Папенька сперва не обращал внимания: что ж такого, что читает? Деревенская глушь, девице скучно, не с кем словом перекинуться. Кроме того, весной предстояла свадьба одной из его дочерей, и внимание простодушного генерала было сосредоточено на приготовлениях к свадебному балу, на устройстве дел с приданым и прочих приятных и неприятных хлопотах, связанных с подобными событиями в доме. Маменька же была тиха, бессловесна, вечно занята хлопотами по хозяйству.
Но вот однажды, в конце февраля, Натали, приласкавшись к отцу, сказала:
– Позвольте мне пригласить к нам на лето мсье Никитина.

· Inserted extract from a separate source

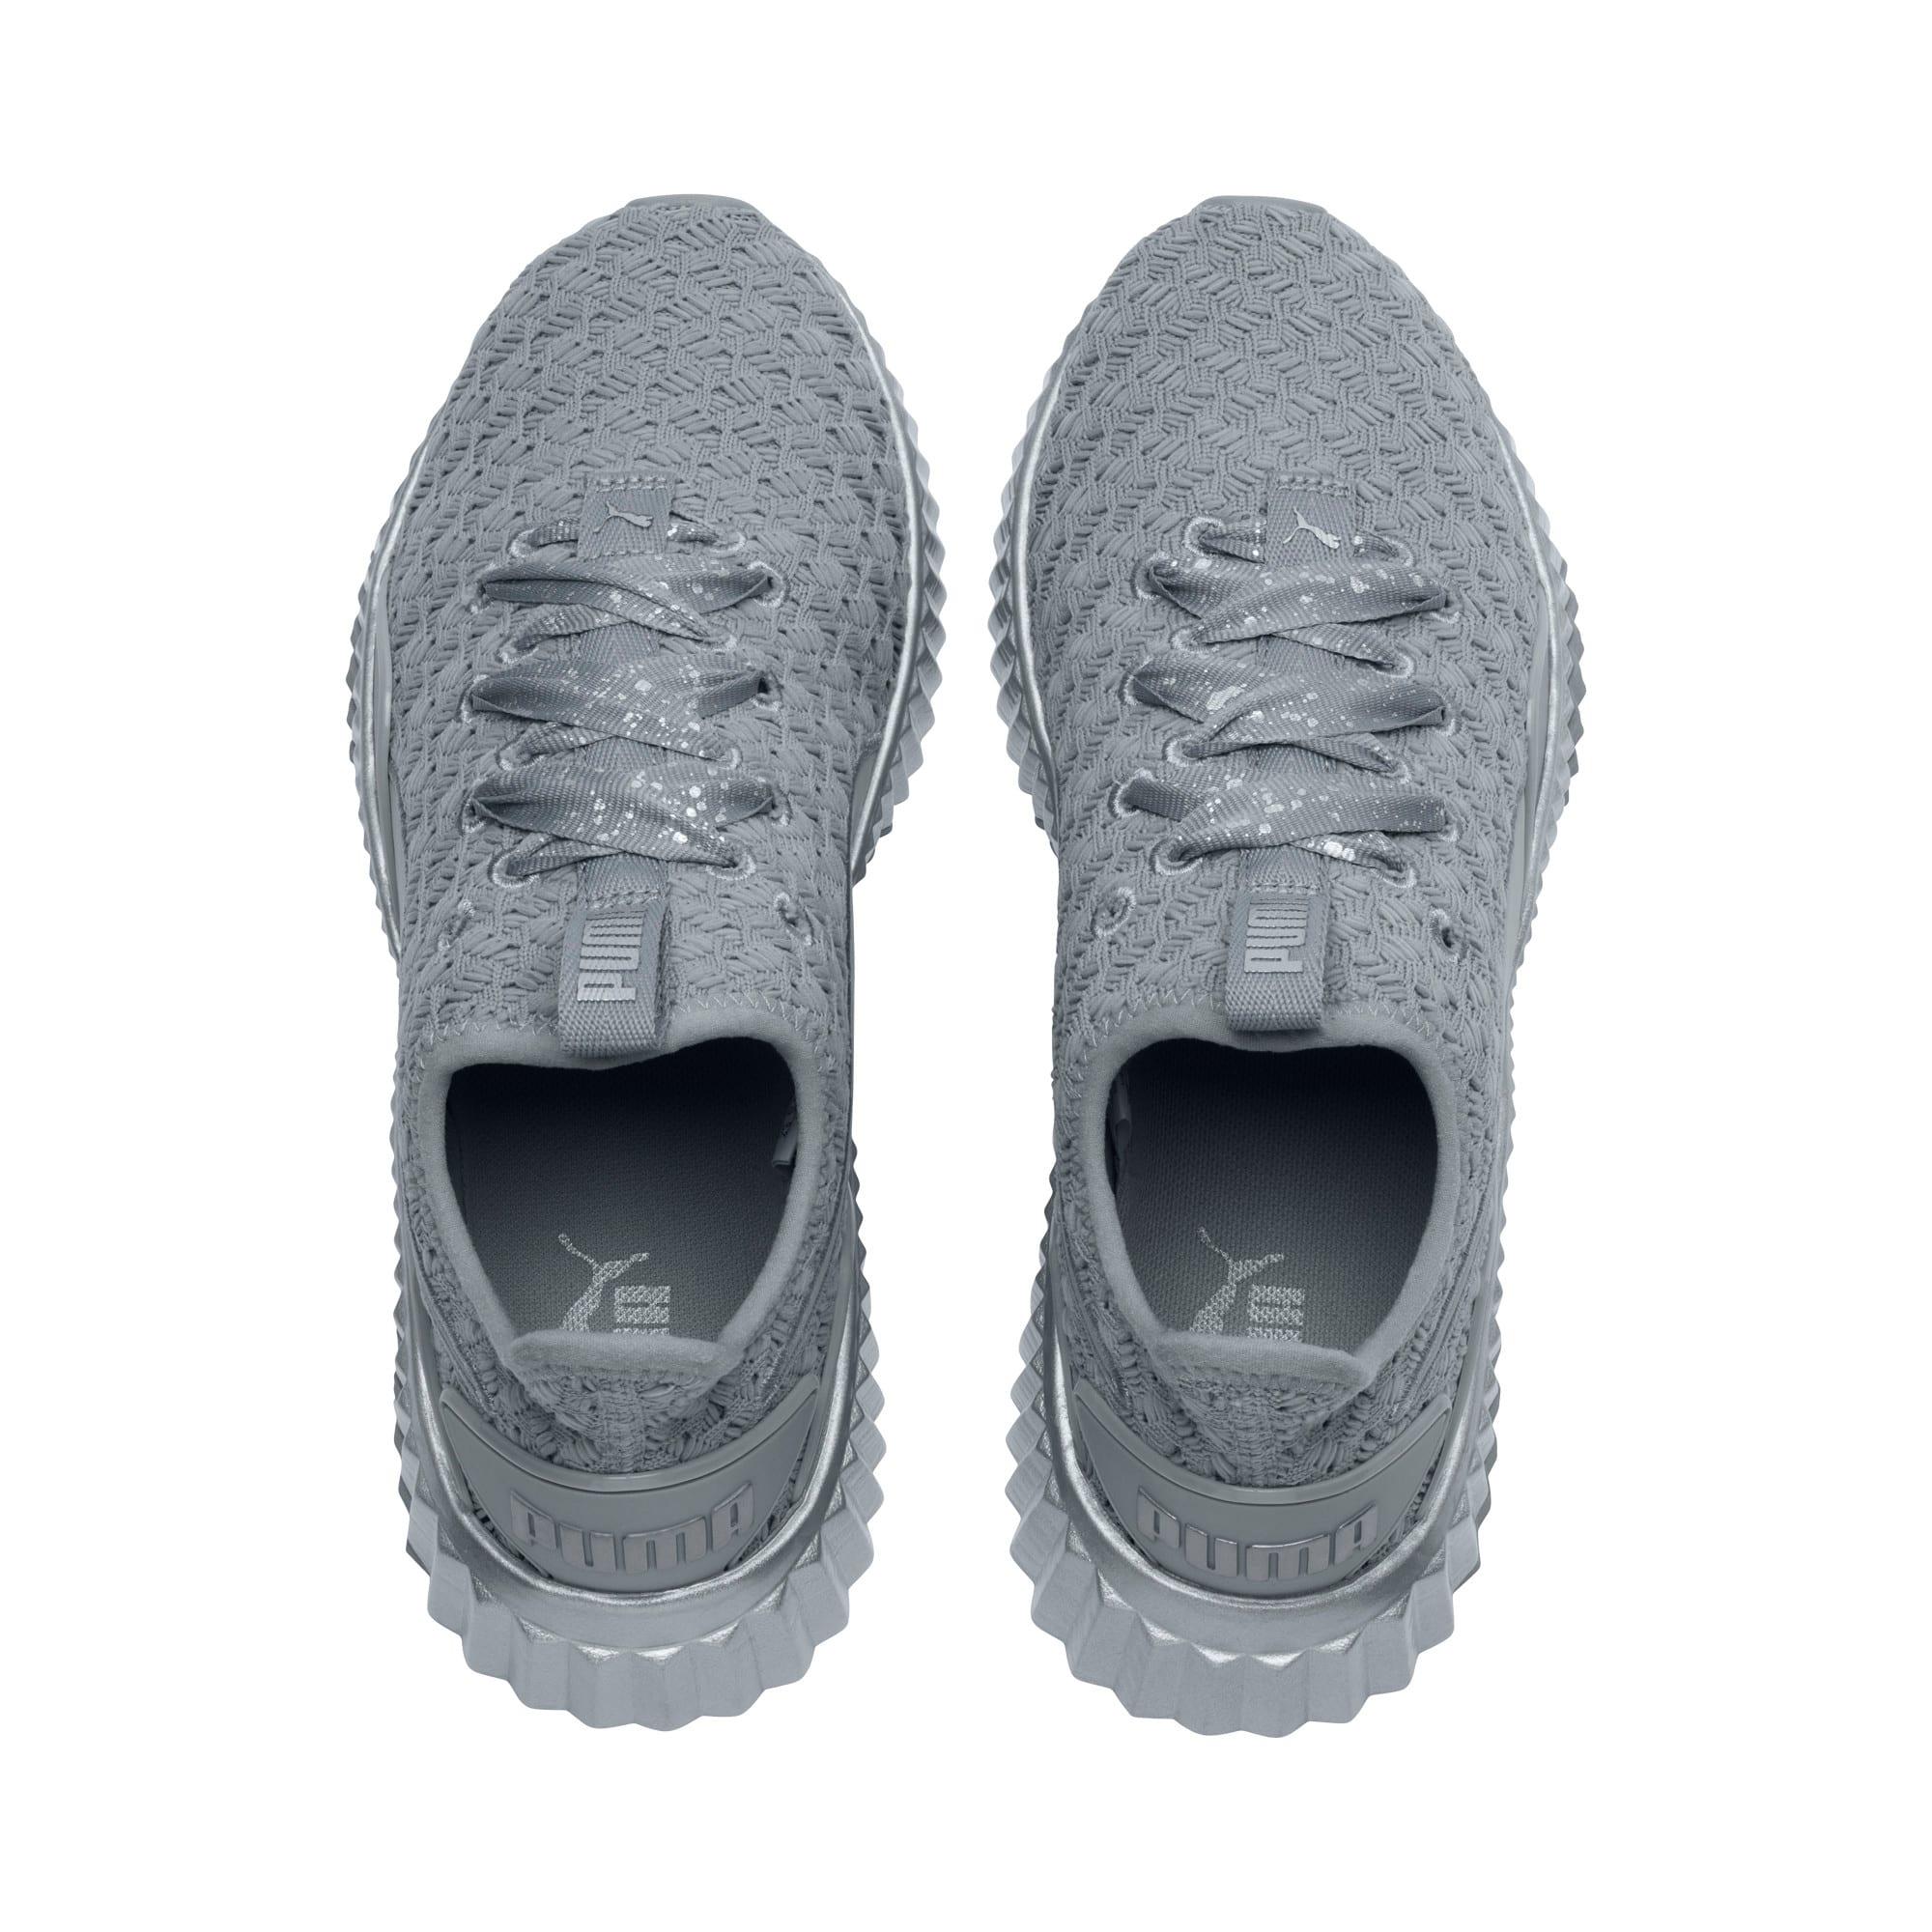 Thumbnail 6 of Defy Sparkle Women's Training Shoes, Quarry-Puma Silver, medium

– Какого это Никитина, душа моя? – не понял генерал.
Натали напомнила о прошлогодних встречах.
– А-а! – промычал генерал. – Это тот, магазинщик? Как знаешь, душенька… как знаешь…

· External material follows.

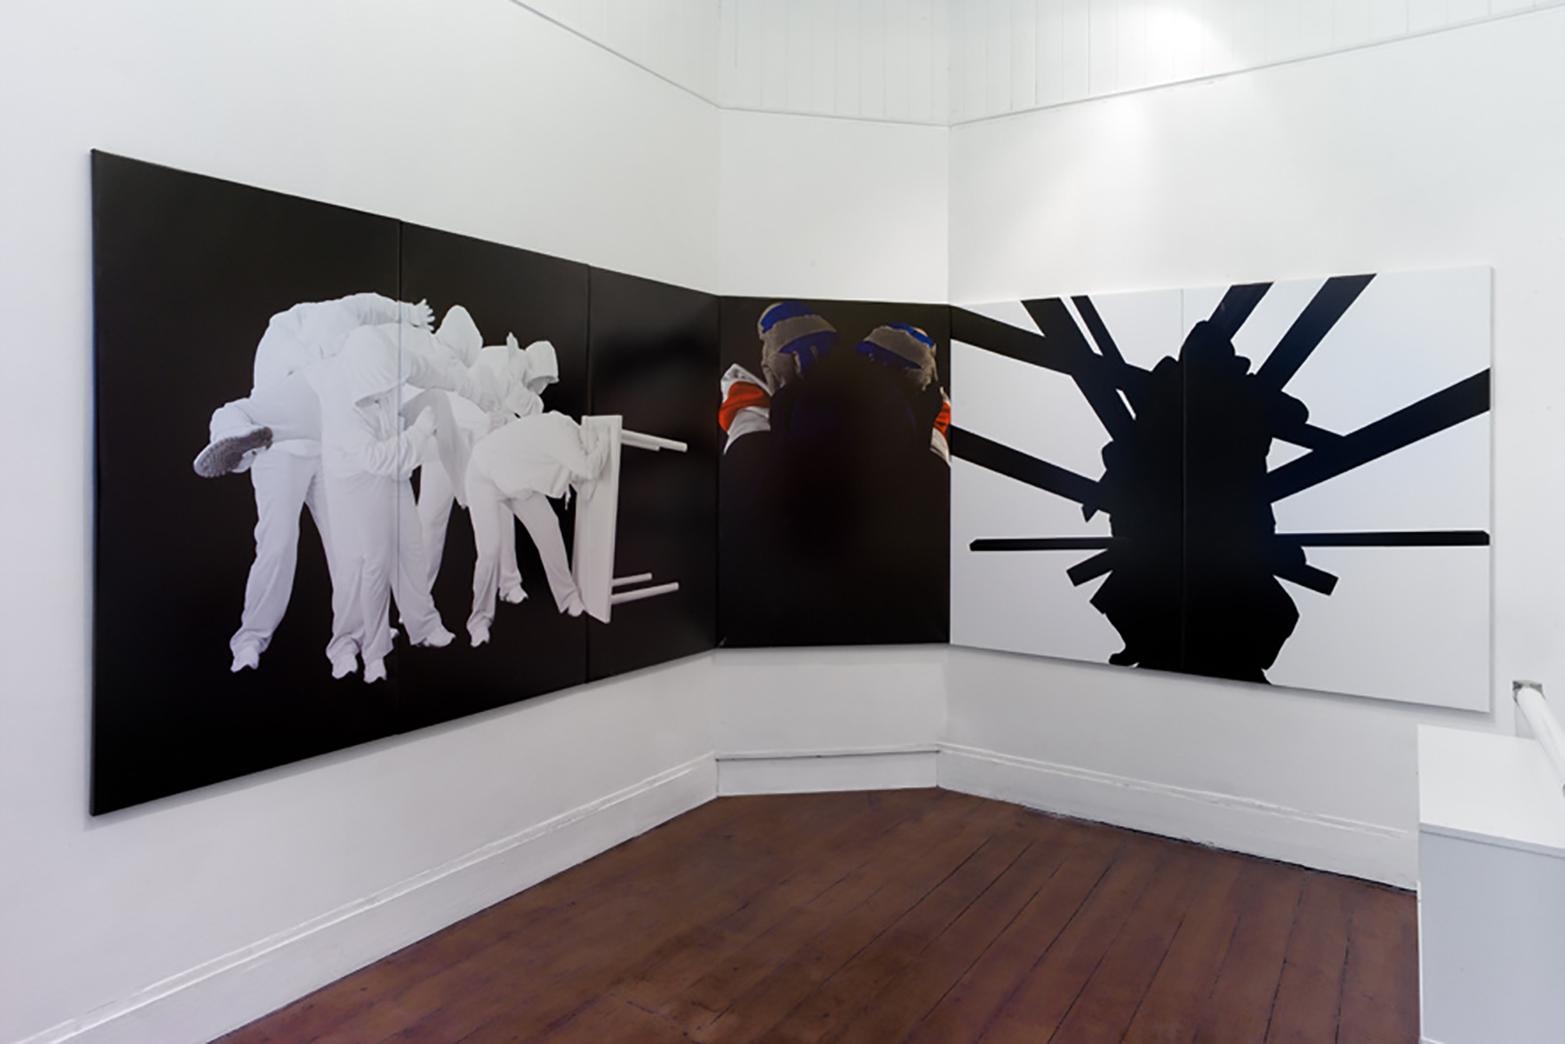 Tina Hage, Gestalt (statur #203), Gestalt (build #101)  and Gestalt (guise #023), 2011

И насторожился: вон откуда эта страсть к чтению, эти частые посылки в Воронеж! Из девочки дочь незаметно превратилась в барышню. Этот книжный магазинщик недурен, порядочно держит себя, и он, генерал, решительно ничего против не имеет, но… «Дьявольски трудно говорить с дочерью о подобных вещах, – подумал генерал, – не мужское это дело, черт возьми!»
Однако говорить надо было.
– Послушай, душенька, – сказал он, – а не кажется ли тебе, что… Я понимаю, понимаю! – спохватился он, видя изменившееся лицо дочери. – Лично я – враг всяких этих… э-э… предвзятостей, что ли… Но сама посуди – удобно ли это? Толки, сплетни… э-э… Та же твоя распрекрасная Наталья Вячеславна…
– Как вам не стыдно, папа?! – оборвала его Натали с негодованием. – Какие вы пустяки говорите! Я всегда думала, что вы гораздо выше всех этих уездных условностей…
– Конечно, конечно, – поспешил заверить генерал, – разумеется, выше…
Он забубнил какой-то бравурный марш и, обратясь к своему вечному средству против всяких сомнений и неприятностей – к пенковой трубке, принялся размышлять о том, что ежели женщина захочет, гм, гм… то добьется, конечно! Но пошел, однако ж, к генеральше спросить ее совета. А та кротко сказала: «Что ж, ежели человек хороший, почему б и не пригласить…»
На другой день Натали отправила Никитину письмо, в котором звала его приехать летом к ним в Высокое.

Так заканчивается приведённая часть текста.